Electron injection from MAPbI₃ to TiO₂ is obvious for the sensitization structure, where the MAPbI₃ nanodots were deposited locally on TiO₂ surface and the mesopores in the TiO₂ film were filled with hole transporting spiro-MeOTAD.¹ However, working mechanism may be different in case of the mesoscopic structure in which pores of the TiO₂ film is filled with MAPbI₃. Although charge separation was observed at both TiO₂ and spiro-MeOTAD junctions in the mesoscopic structure by transient laser spectroscopy and microwave photoconductivity measurements,²² it was argued that the dominant transport pathway would be the perovskite absorber even in the mesoscopic structure.²³ This indicates that electron injection is debatable in the mesoscopic structure with mesoporous TiO₂ film impregnated with MAPbI₃. We are thus motivated to study on the degree of electron injection in the mesoscopic structure by depositing the electron non-accepting ZrO₂ layer²⁴ on TiO₂ surface and controlling the thickness of ZrO₂ layer.
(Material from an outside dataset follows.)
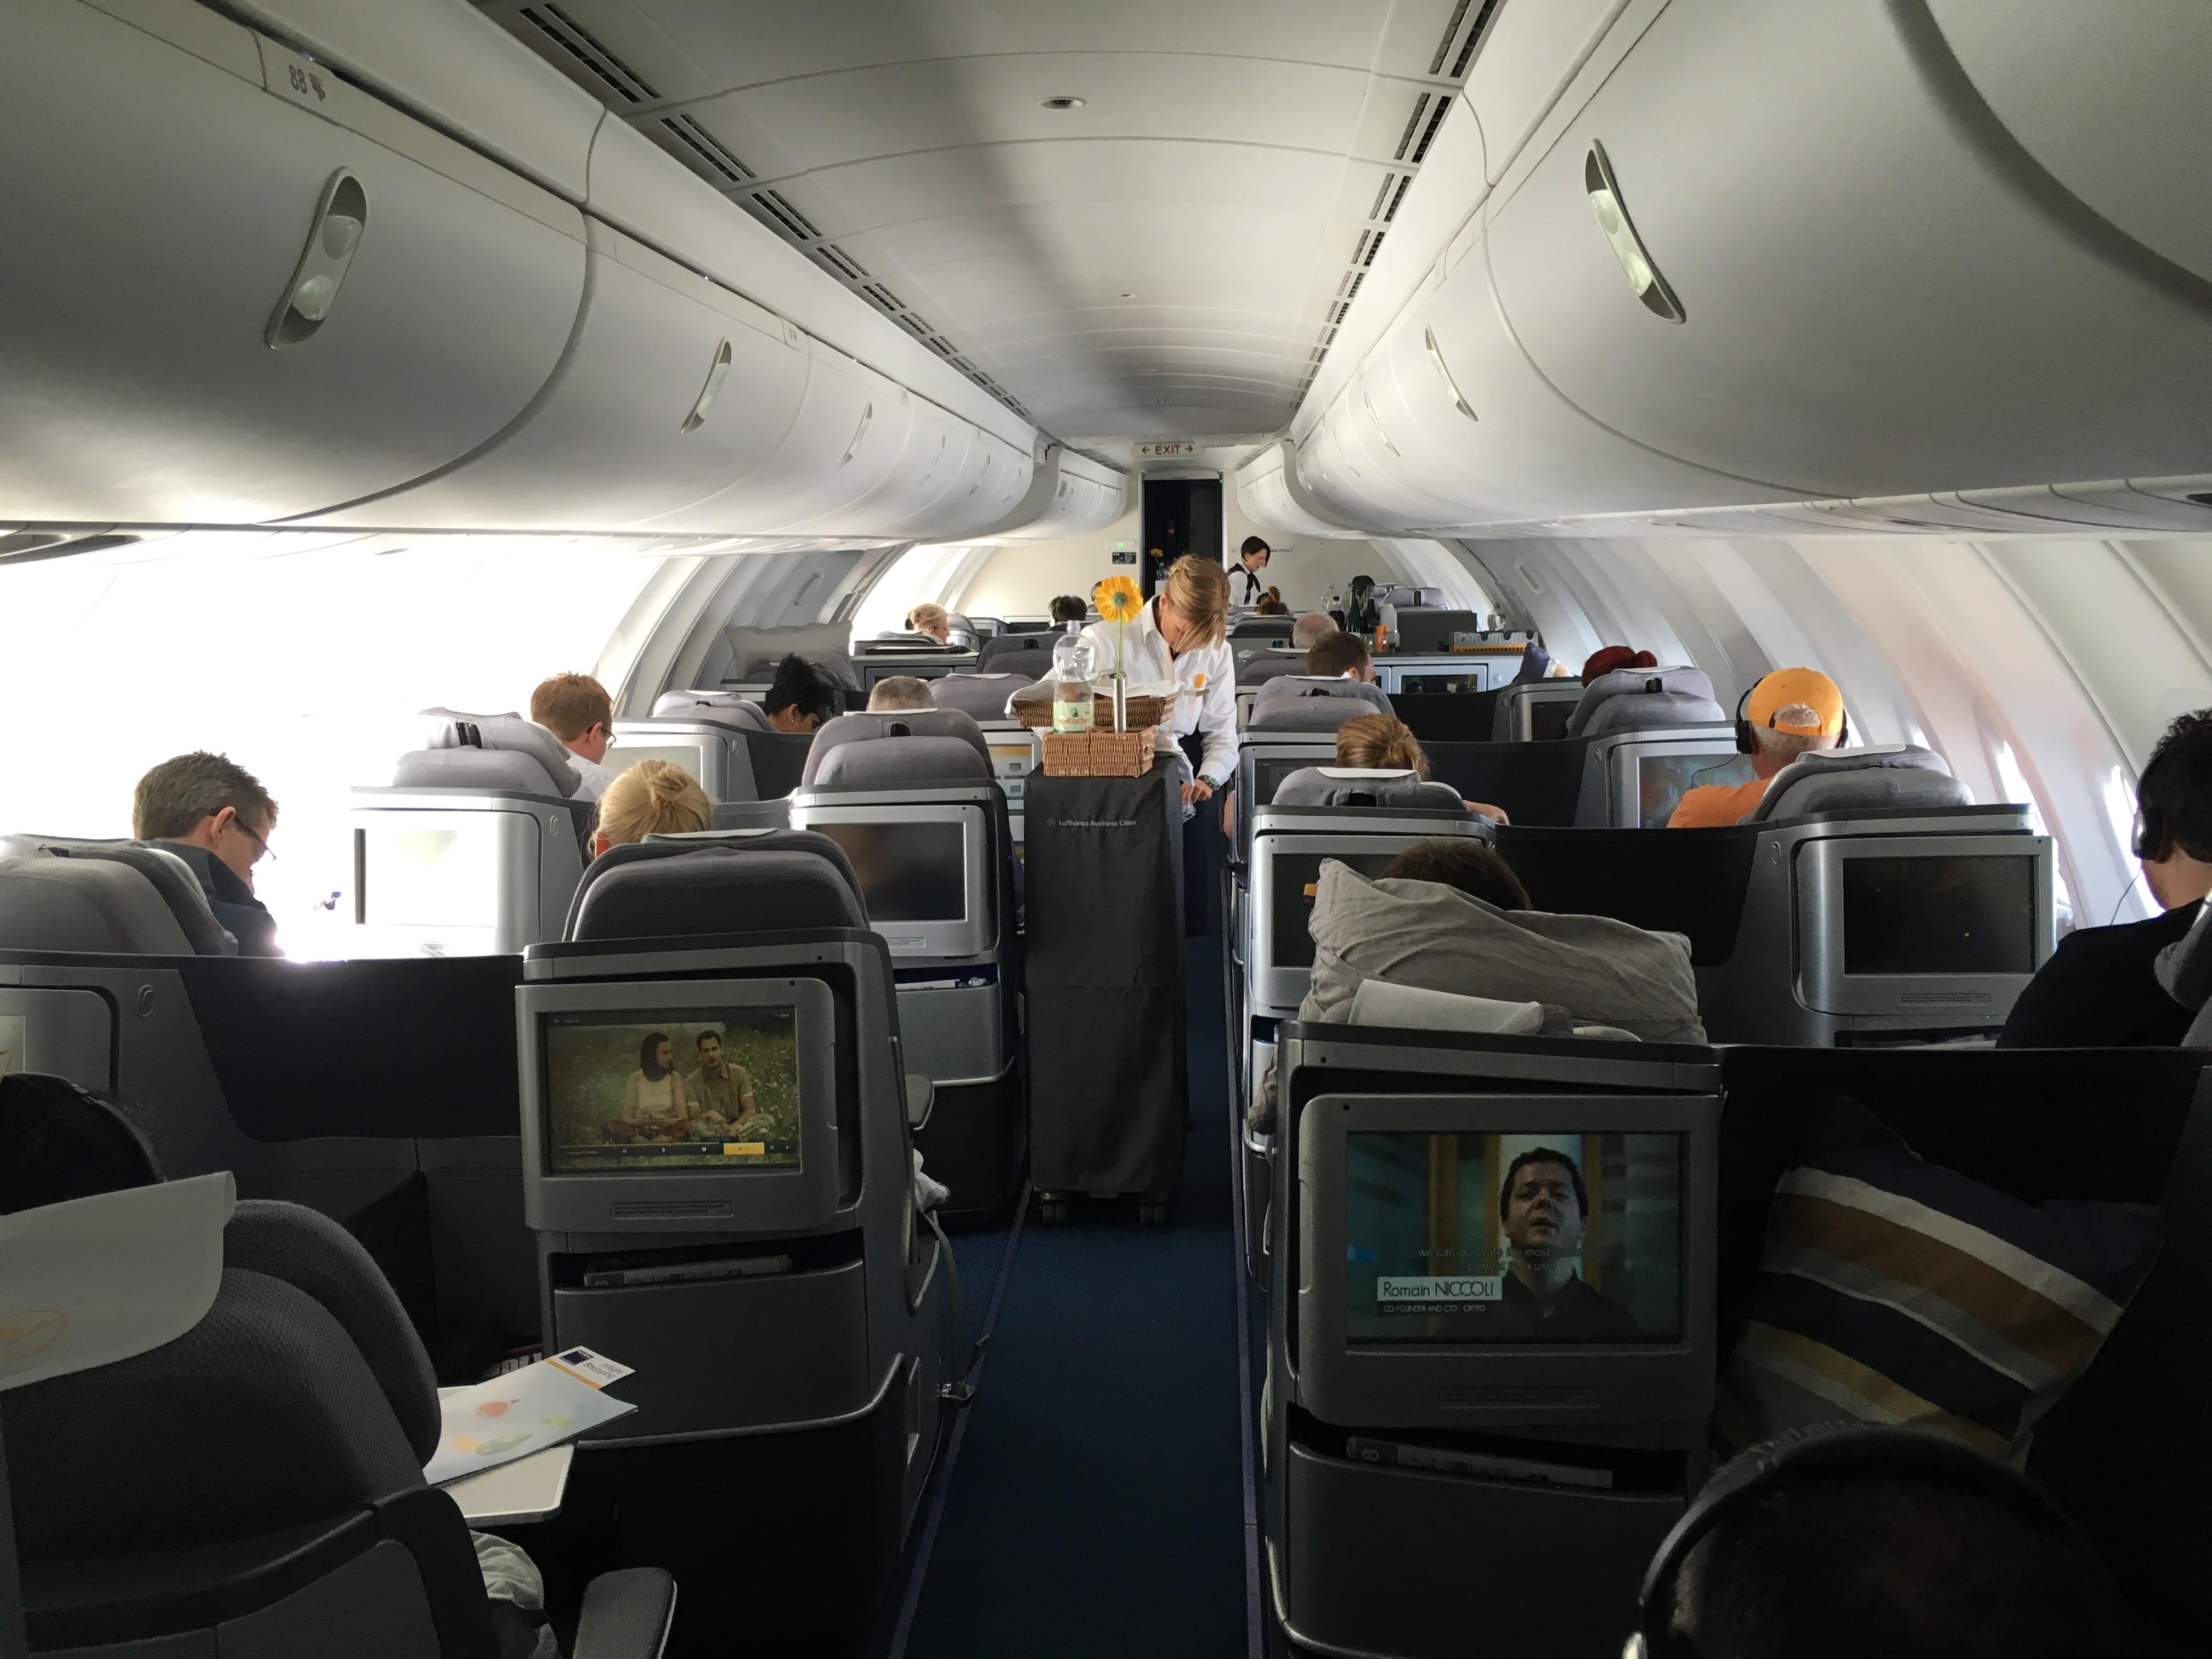 Lufthansa-Business-Class-Flug-11-e1469988446663.jpg

Here, we report on effect of the ZrO₂ layer deposited on TiO₂ surface on photovoltaic performance of the mesoscopic structured perovskite solar cell. In order to investigate electron injection behavior, the thickness of the ZrO₂ thin layer was varied from about 5 Å to 22 Å by changing the concentration of zirconium butoxide coating solution. Photovoltaic parameters were substantially changed with increasing the ZrO₂ layer thickness, where photovoltage increased with ZrO₂ layer thickness and eventually approached to that for the pure ZrO₂ mesoporous film. Our experimental observation proves that electron injection occurs at least in the interfacial MAPbI₃ being in contact with TiO₂ surface.

2. Experimental

2.1 Preparation of mesoporous TiO₂ films

Anatase TiO₂ nanoparticles (average diameter of about 50 nm) were hydrothermally synthesized by two step method.²⁵ The paste was prepared by mixing the TiO₂ nanoparticles with terpineol (Aldrich, 99.5%), ethyl cellulose (Aldrich, 46 cp) and lauric acid (Fluka, 96%). The nominal composition of TiO₂ : terpineol : ethylcellulose : lauric acid was about 1.25 : 6 : 0.9 : 0.1. Fluorine-doped tin oxide (FTO) glass (Pilkington, TEC-8, 8 Ω sq⁻¹) was cleaned by UV/ozone treatment and sonication with ethanol. FTO surface was covered with a thin compact TiO₂ layer prior to deposition of the mesoporous TiO₂ film by spin-coating the 0.15 M titanium diisopropoxide bis(acetylacetonate) (75 wt%, Aldrich) solution in 1-butanol at stepwise spin rate of 700 rpm for 8 s, 1000 rpm for 10 s, and 2000 rpm for 40 s, which was followed by drying at 125 °C for 5 min and then finally annealed at 500 °C for 15 min. The nanocrystalline TiO₂ paste was deposited on the compact TiO₂ layer using spin-coating technique at the rate of 2000 rpm for 20 s and subsequently annealed at 550 °C for 1 h in a muffle furnace to obtain mesoporous TiO₂ film. Thickness of the annealed mesoporous TiO₂ layer was measured to be 300 ± 20 nm by an alpha-step IQ surface profiler (KAL Tencor). The annealed TiO₂ film was immersed in the 20 mM TiCl₄ (Aldrich) aqueous solution at 70 °C for 10 min. The substrates are washed with distilled water and dried under air flow, which was followed by annealing at 500 °C for 30 min.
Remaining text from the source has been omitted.